Armature Reaction in dc Machine: Effect, GNA, MNA, Brush Axis, EMF

Introduction

Now, when the supply is given to the main winding, at that time magnetic field is produced. This magnetic field produces the magnetic flux. Similarly, when the current flows through the armature conductor, the armature produces its own flux. Now, the interaction of the armature flux with the main flux produces a certain reaction and that reaction is called armature reaction in dc machine.

What is Armature Reaction

Armature reaction is nothing but the reaction of armature flux on the main field flux. The main field flux is produced when the stator is supplied with current. Due to this, the magnetic field is produced. Due to the magnetic field, whatever flux is produced, that is called the main field flux. When the current flows through the conductors of the armature, then whatever flux is produced, that is called the armature flux.

Interaction of Flux

This armature flux tries to interact with the main flux. Due to this, whatever resultant flux is produced, it gets distorted or demagnetized. This effect of armature flux on the main flux is called as armature reaction.

Main Field Flux Distribution

Now, consider the figure shows the main field flux distribution. Here, this is the north pole and this is the south pole. The conductors with the cross sign come under the north pole, whereas the conductor with the dot sign come under the south pole. Here, the current is not flowing, but the flux is shown in the direction it travels from north pole to south pole.

Now there are two axes, MNA and GNA. We can see MNA has coincided with GNA. MNA is called as magnetic neutral axis, and GNA is called as geometric neutral axis.

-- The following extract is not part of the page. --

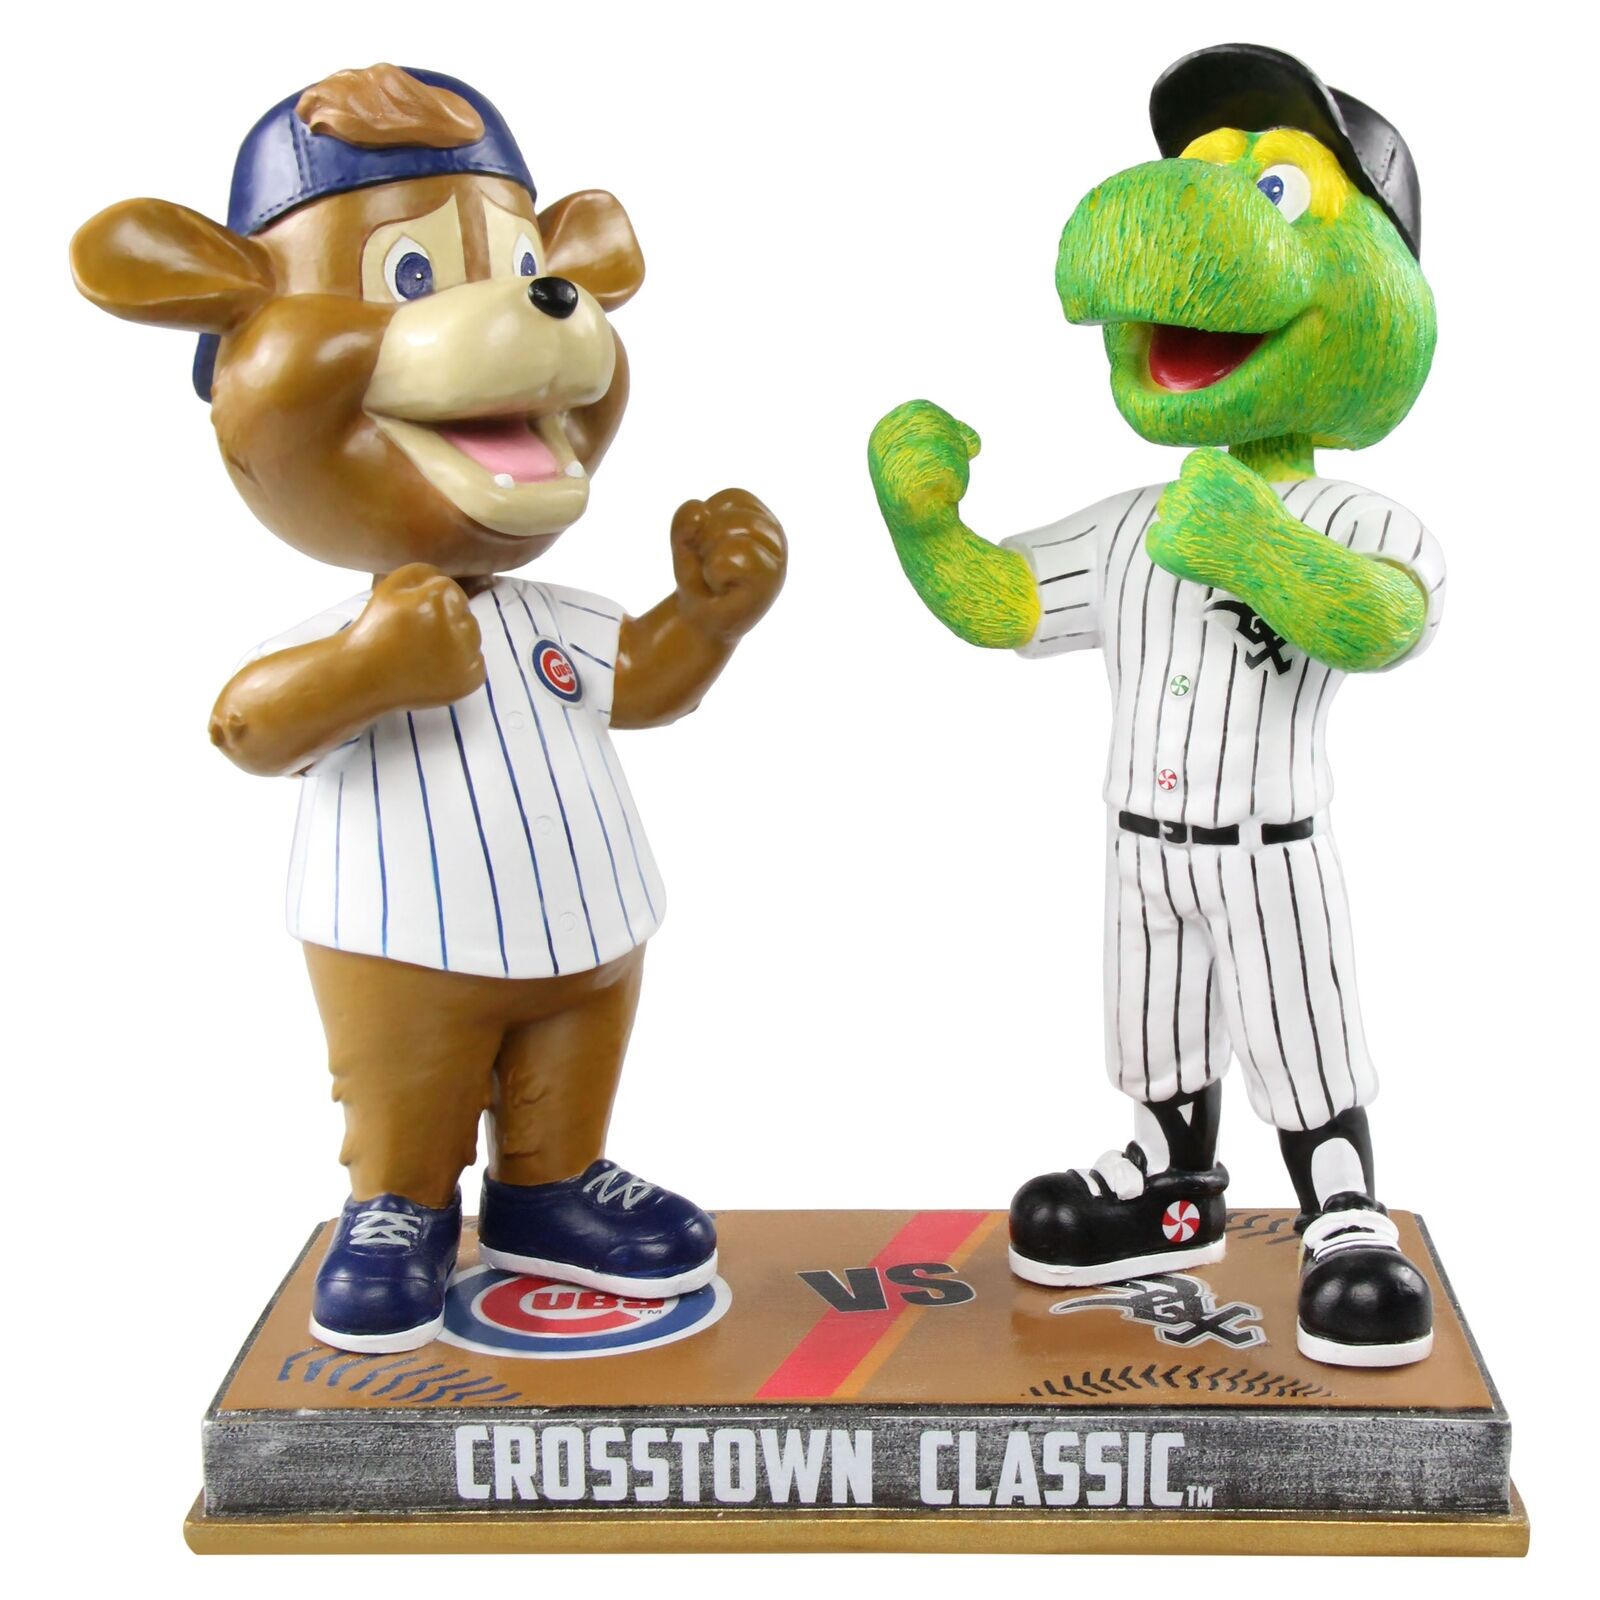 Chicago Cubs and Chicago White Sox - Clark and Southpaw Rivalry Bobblehead MLB

Magnetic neutral axis consists of brushes, hence this axis is also called as axis of commutation. Magnetic neutral axis is always perpendicular to the resultant flux. Here, these are the lines which show the flux from north pole to south pole. We can see that magnetic neutral axis is exactly perpendicular to the resultant flux.

Only Main Flux

Now consider the figure Here, only the flux is flowing from north pole to south pole. There is no current in the armature conductor. We can say that when there is no current in the armature conductor, the total flux is only produced by the main pole, that is called as main pole flux. The direction of this flux is shown from north pole to south pole. Here, we can see that the magnetic neutral axis coincides with geometrical neutral axis and it is exactly perpendicular to the flux.

Armature Flux Distribution

Now, consider a case as shown in the figure, which shows the armature flux distribution. In this case, only the armature is carrying the current, and there is no current in the main field flux.

In this case, we can see that the conductors which are shown with the cross sign come under the north pole, whereas the conductors which are shown with the dot sign come under the south pole. All the conductors which come under the north pole carry same current, whereas all the conductors which come under the south pole carry same current.

The direction of flux is shown by this way and the arrow. A similar direction is shown for the South Pole. As the conductors that come under the north pole carry the same current, the direction of the flux for all the conductors will be the same, and the resultant direction of all the conductor flux is in the downward direction. Similarly, all the conductors under the south pole carry the same current; hence, the resultant flux of all the conductors under the south pole will have the same direction, that is, in the downward direction.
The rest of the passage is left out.